The best laid plans of mice and men….

On Monday I had a good experience of the fact that sometimes  things do not turn out exactly as I imagined or maybe hoped for.   I am in the middle of a house  relocation and one part of the schedule did not slot into place knocking other dependent elements into a waiting pattern.

I noticed that this produced two effects in the mind. The first – a very familiar occurrence – is to create doubt, and an immediate subtle tendency to blame myself arises.  Not good enough. Should have foreseen that.  Should have checked.  Should not have been so naive.  It is noticeable that when some thing goes wrong we quickly move to think that we are wrong. In those moments, if we look closely, we can feel separate and alone. A gut sense of us as deficient can come into play. Stories – about ourselves and about how our lives are going – are always arising in our minds and we can mistake them for reality. Practice helps us to see this as a process rather than holding onto the content and to turn our attention to how do we want to work with it. In other words space enters in.

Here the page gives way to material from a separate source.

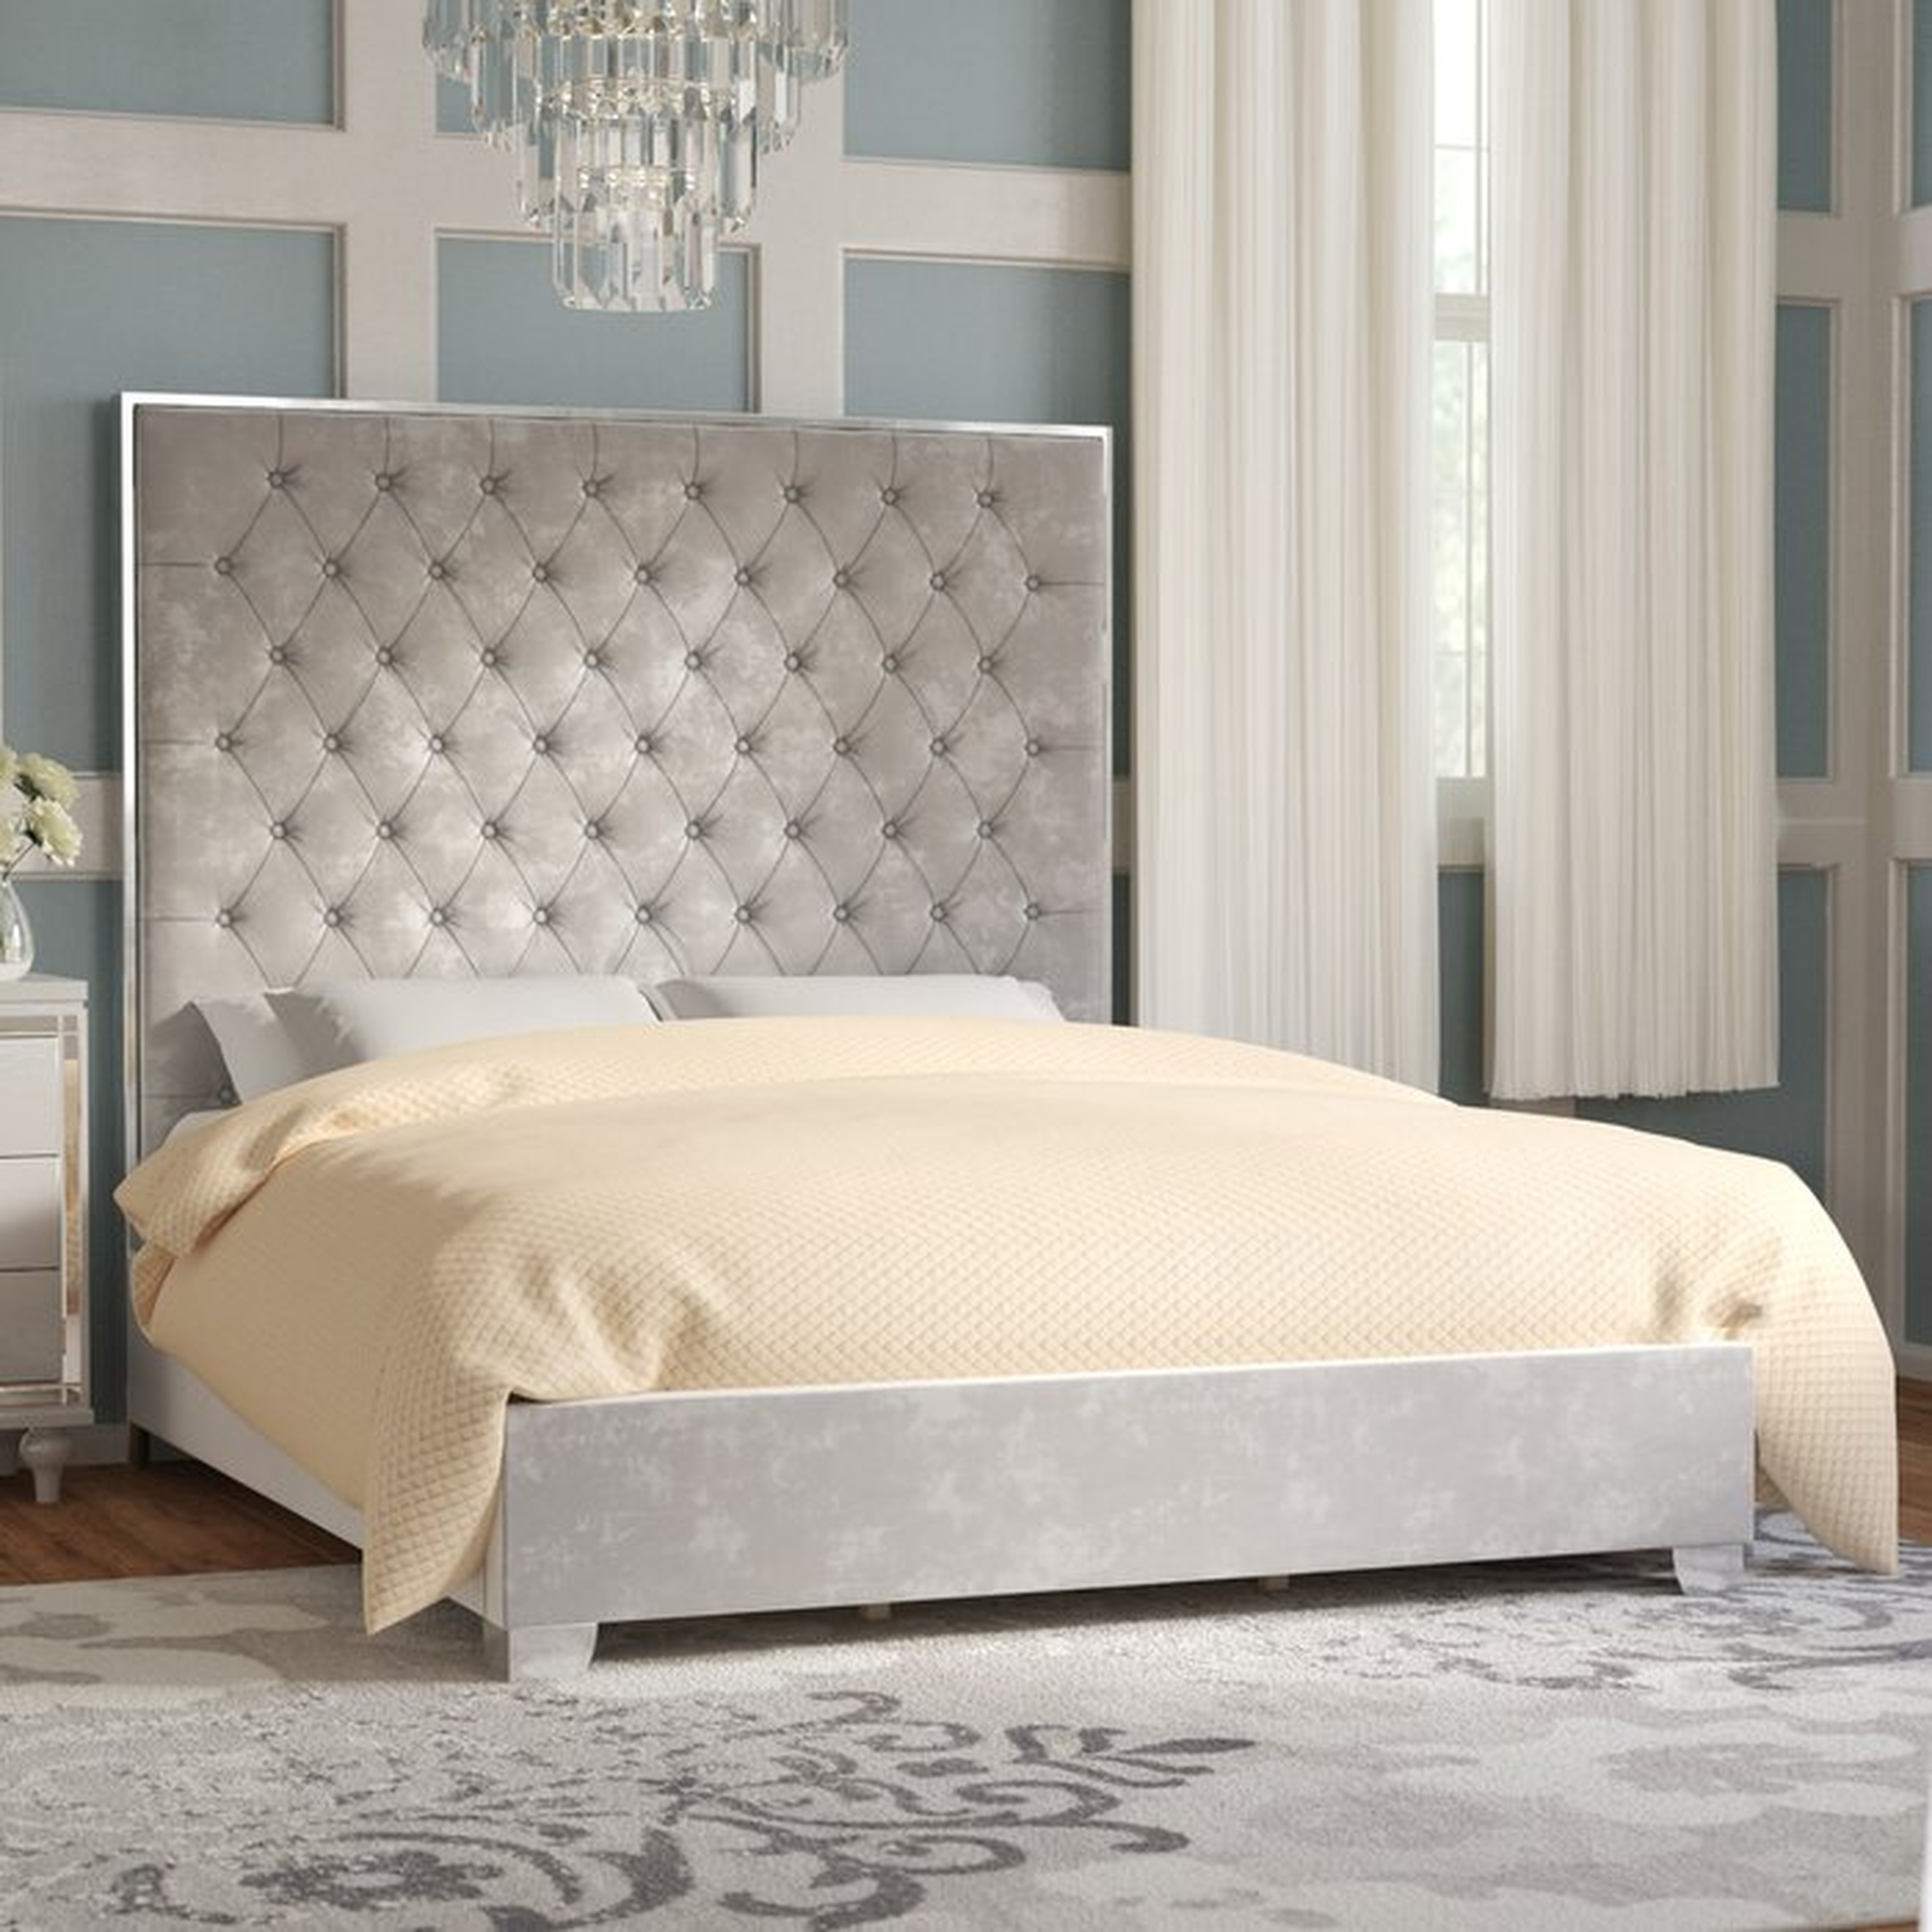 Lansford Tufted Low Profile Standard Bed - Wayfair

Another thing I noticed is the habit of turning our plans into some sort of determined goal, and losing our focus on the path which is always fluid and ongoing. In other words, we already have a fixed outcome in our mind and failing to achieve that creates dissatisfaction. Our sense of things being right is attached to the future turning out in a particular way, which may or may not happen. This means that we do not find it as easy to respond to what actually happens, and to stay in the present moment. Our practice is to find happiness in what is actually happening and not attaching it to what we thought should have happened, and then going on to blame ourselves, others or events.